**Task:** In the entries below, find the line with "ADV.1 ADV7 M.V1 (CS Series) forged wheels" and the line with "ragazza-bionda-che-tiene-in-mano-occhiali-da-sole". Print those two and everything between them exactly, and nothing else.

**Supplied material:**
*** Block opens ***

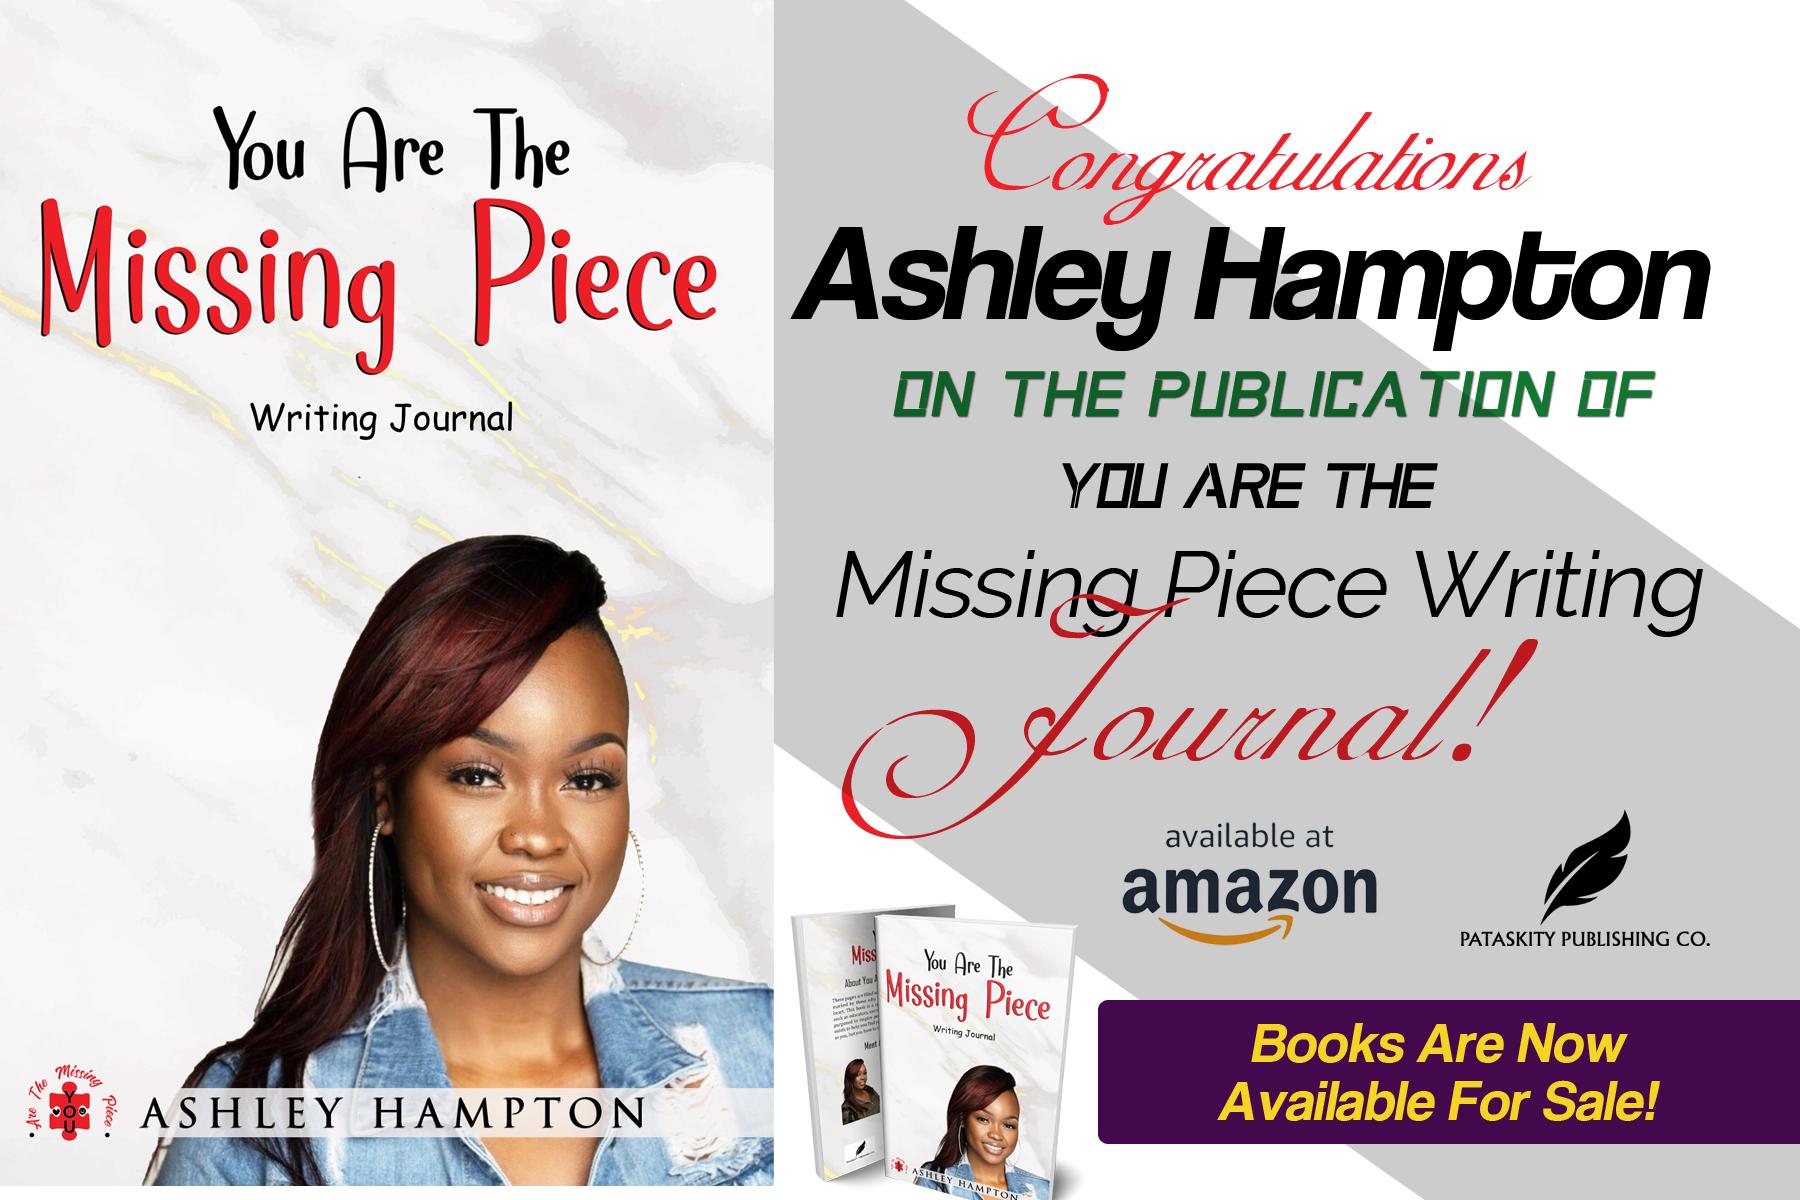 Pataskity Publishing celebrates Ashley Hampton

*** Block closes ***
*** Block opens ***

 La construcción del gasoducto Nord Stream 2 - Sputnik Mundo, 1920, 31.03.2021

*** Block closes ***
*** Block opens ***

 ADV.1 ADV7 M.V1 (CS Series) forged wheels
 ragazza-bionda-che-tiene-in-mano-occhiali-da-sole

*** Block closes ***

**Answer to this task:**
 ADV.1 ADV7 M.V1 (CS Series) forged wheels
 ragazza-bionda-che-tiene-in-mano-occhiali-da-sole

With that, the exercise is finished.